2009 Member News



Sample comment letter regarding Proposed FASB Staff Position No. FAS 115-a, FAS 124-a, and EITF 99-20-b; Proposed FASB Staff Position 157-e

Mr. Russell G. Golden
Technical Director
Financial Accounting Standards Board
401 Merritt 7
P.O. Box 5116
Norwalk, CT 06856-5116

Via email: director@fasb.org

File Reference: Proposed FASB Staff Position No. FAS 115-a, FAS 124-a, and EITF 99-20-b; Proposed FASB Staff Position 157-e

Dear. Mr. Golden:

We appreciate the opportunity to comment on the proposed FASB Staff Position No. FAS 115-a, FAS 124-a, and EITF 99-20-b, Recognition and Presentation of Other-Than-Temporary Impairments (hereinafter referred to as the proposed OTTI FSP) and the proposed FASB Staff Position 157-e, Determining Whether a Market is not Active and a Transaction is not Distressed (hereinafter referred to as proposed Fair Value FSP). We applaud the Financial Accounting Standards Board (FASB) for acting in an expeditious manner to reassess current impairment and fair-value accounting models, and we believe that the proposed OTTI FSP offers a significant improvement over the current accounting model. We focus this letter on a few aspects of the proposed FSPs that we ask the FASB to consider during its deliberations.

Proposed OTTI FSP
We believe the proposed OTTI FSP should not require that the non-credit impairment of held-to-maturity investment securities be recorded in accumulated other comprehensive income (AOCI). We agree with recording the non-credit impairment of available-for-sale securities to AOCI as such securities are always carried at fair value. For held-to-maturity securities, however, the fair value should be shown in the footnotes to the financial statements.

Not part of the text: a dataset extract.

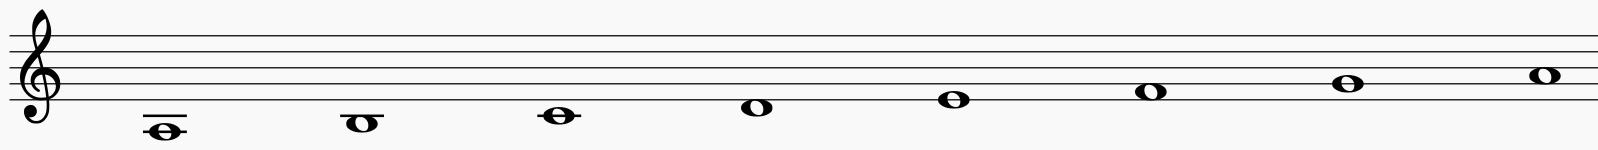 minorcode_aminor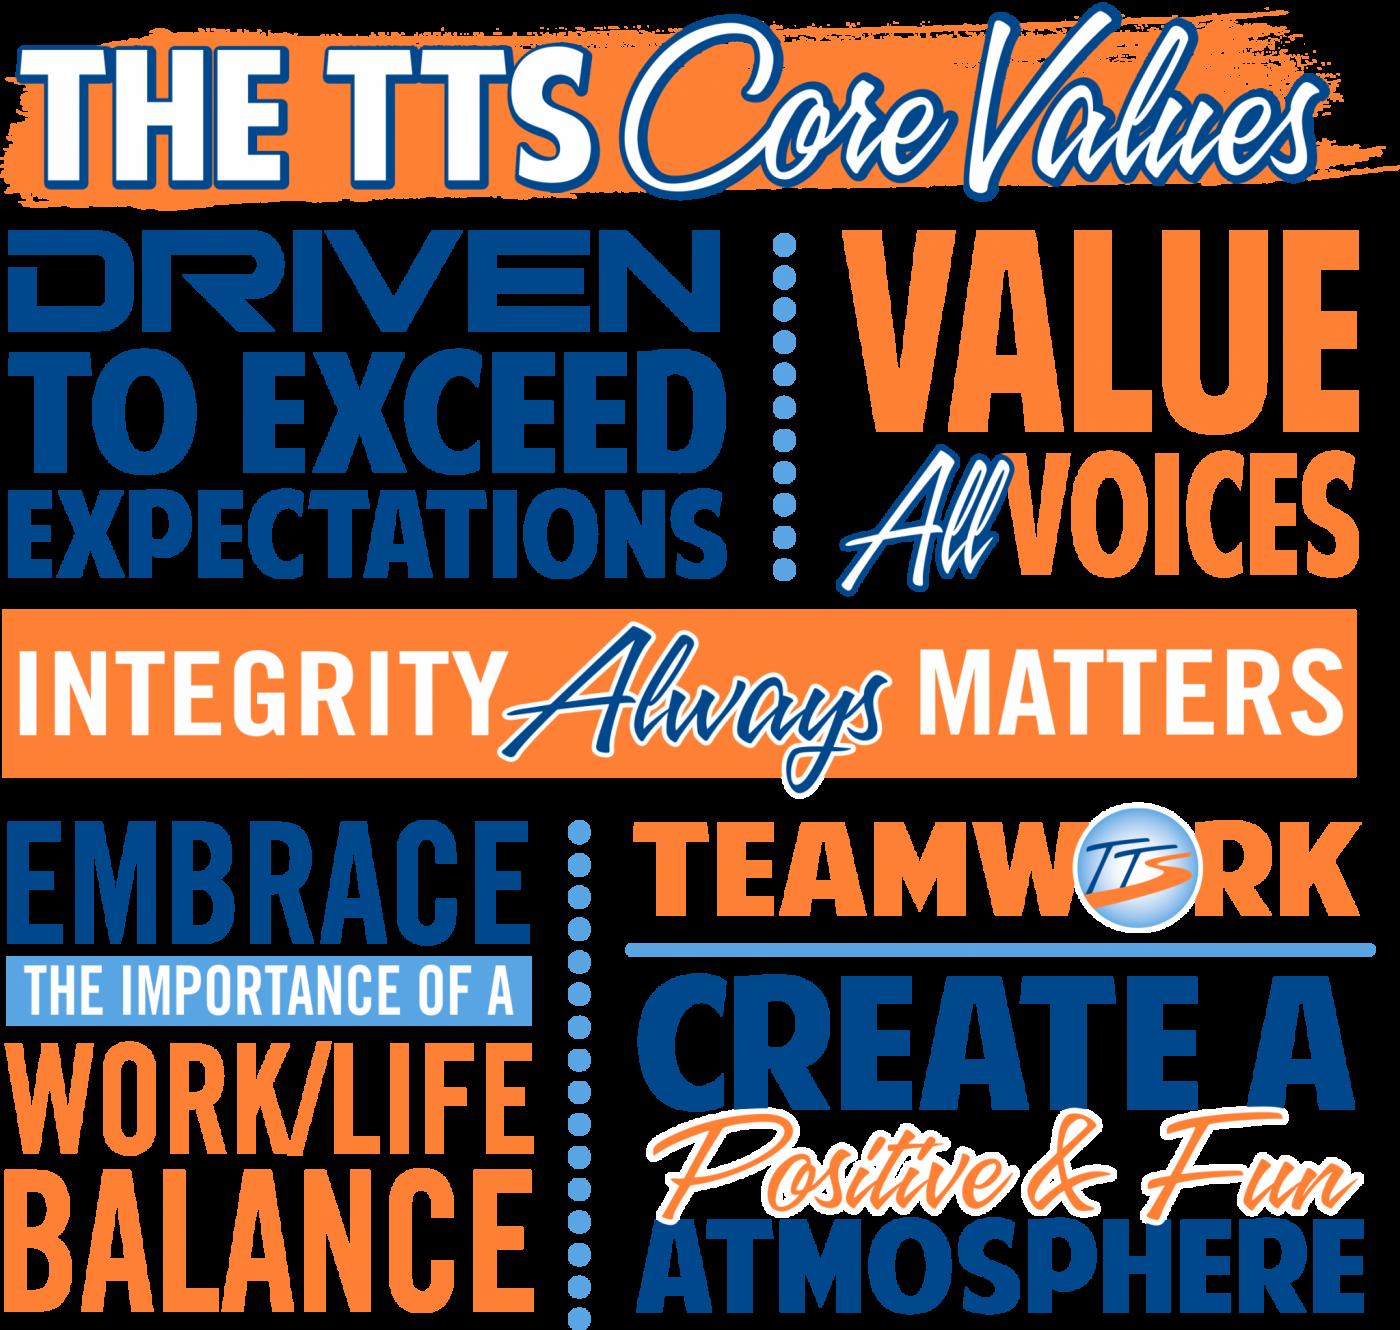 TTS Core Values

Additionally, the proposed OTTI FSP should be applied retrospectively, in accordance with SFAS No. 154, Accounting for Changes and Error Corrections. We believe that retrospective application is appropriate because during 2007 and 2008, a number of financial institutions recorded significant OTTI charges on held-to-maturity debt securities. Because these institutions have amortized and will continue to amortize significant non-credit impairments to interest income, failure to retrospectively apply the proposed OTTI FSP will distort their future net interest margins. Further, these institutions’ retained earnings may include significant amounts of non-credit impairments. Failure to retrospectively apply the proposed OTTI FSP would make it difficult for investors in these institutions to compare key financial metrics (net interest margin and tangible common equity) before and after application of the OTTI FSP, as well as affect comparisons of financial institutions that have recorded significant OTTI charges with those that have not.

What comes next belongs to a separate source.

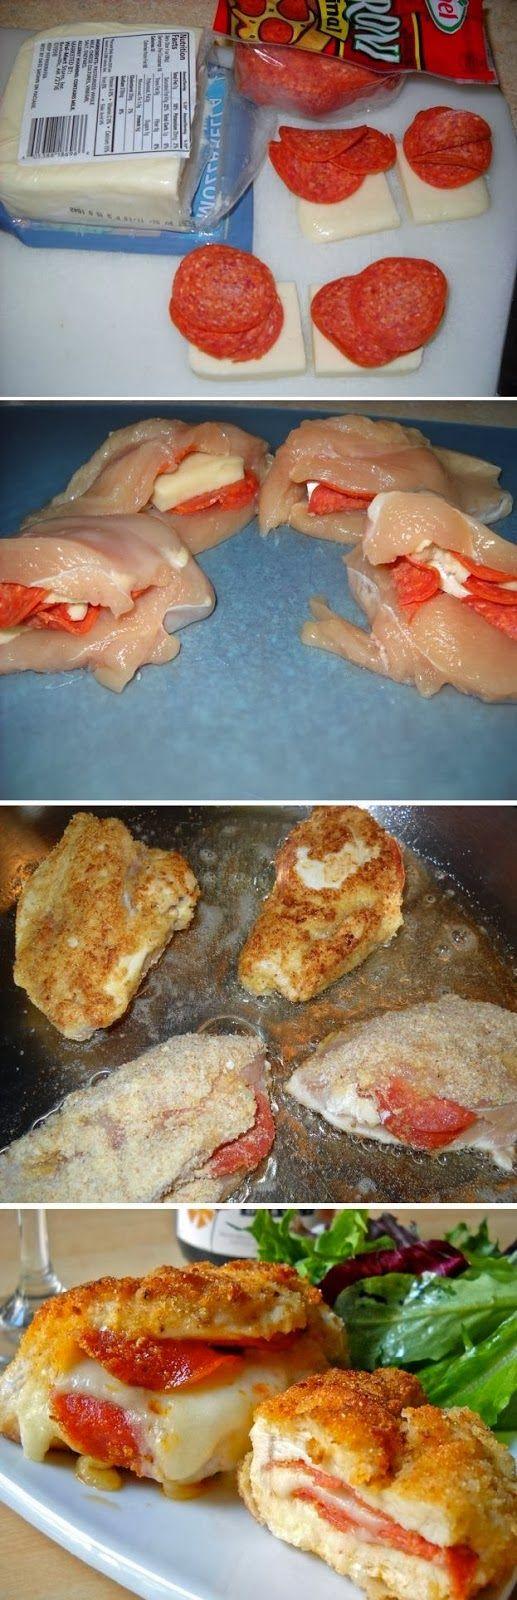 Yummy Recipes: Pepperoni stuffed chicken recipe

Finally, the FASB should consider removing the gross presentation in the income statement of impairment losses offset by non-credit impairment from the proposed OTTI FSP. We believe the proposed presentation is inconsistent with the loan accounting presentation for loans held for investment. In addition, we believe that this presentation confuses and complicates the face of the financial statements with information that is more appropriate for inclusion in footnote disclosures.

Proposed Fair Value FSP
We request that the FASB provide more explicit practical guidance on how to implement the proposed Fair Value FSP because we are concerned that the proposed Fair Value FSP, as written, will not meet its intended objectives. While the guidance to determine if a market is not active appears to be sufficient, the proposed Fair Value FSP lacks detailed and practical guidance for determining fair value based on appropriate market-based discount rates as of the measurement date in an orderly market. It may be difficult for independent public accountants and regulators to consistently apply this guidance without additional practical and specific guidance.

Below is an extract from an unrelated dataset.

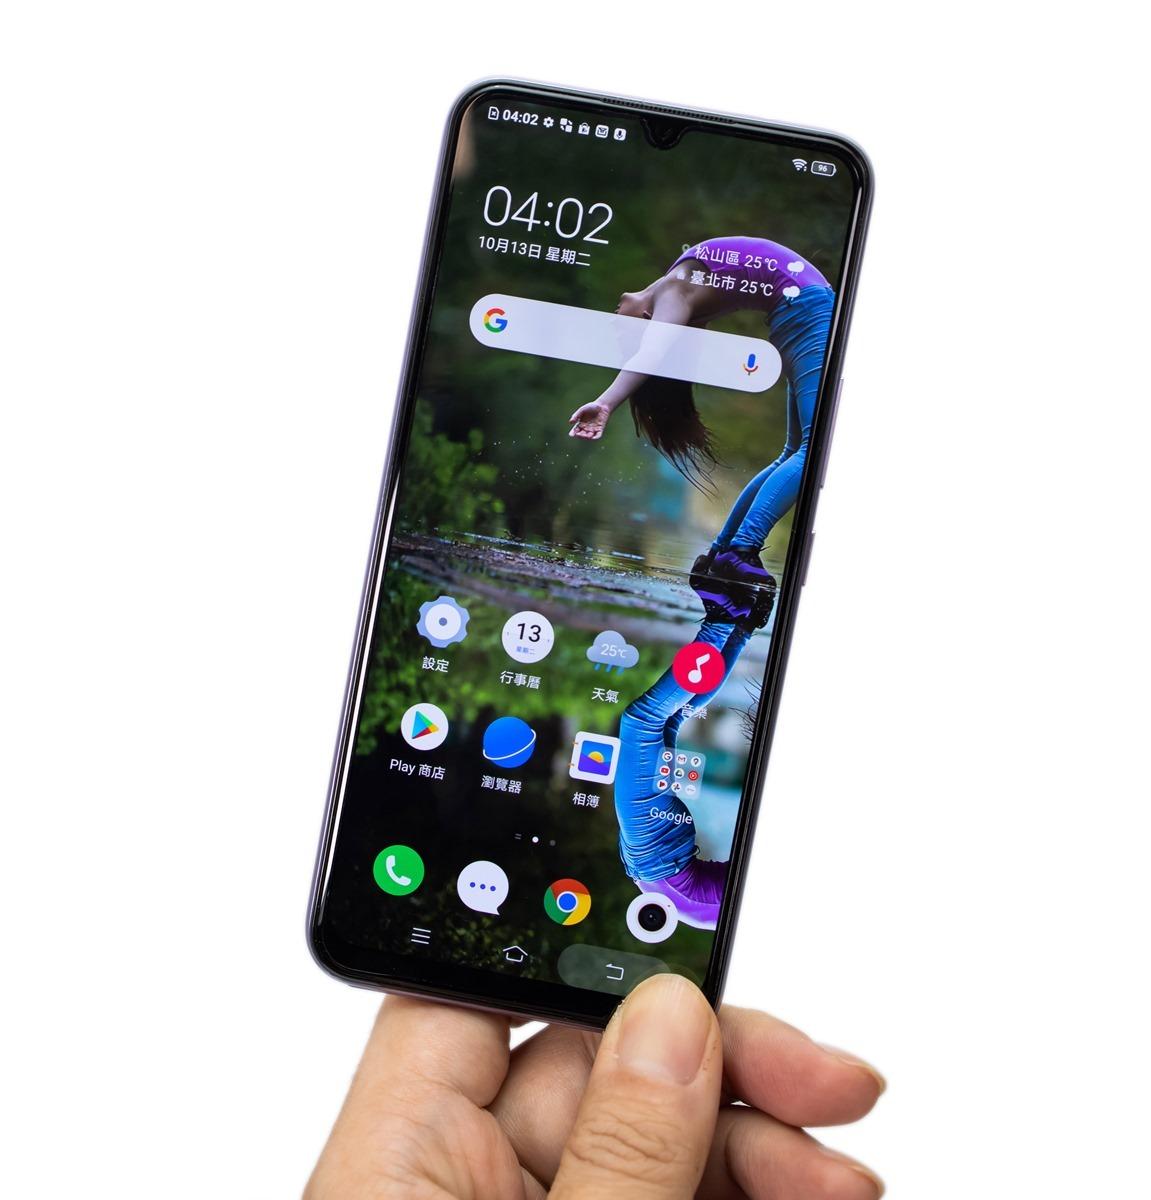 Nokia 首款 5G 手機來了!Nokia 8.3 支援 5G 最多頻段全球最好用、大螢幕四鏡頭原生 Android 體驗 @3C 達人廖阿輝

Further, the FASB should provide additional guidance in the proposed Fair Value FSP regarding the definition of a “quoted price.” Financial institutions often obtain values for their investment securities from third-party sources, including, but not limited to: market transactions, broker quotes, and pricing services. It would be helpful if the FASB specifically defined “quoted price,” and how third-party pricing sources, including their use of models, fit into that definition.

Our comments are meant to help clarify and improve certain aspects of the proposed FSPs, and we reiterate our overall support of these timely actions by the FASB.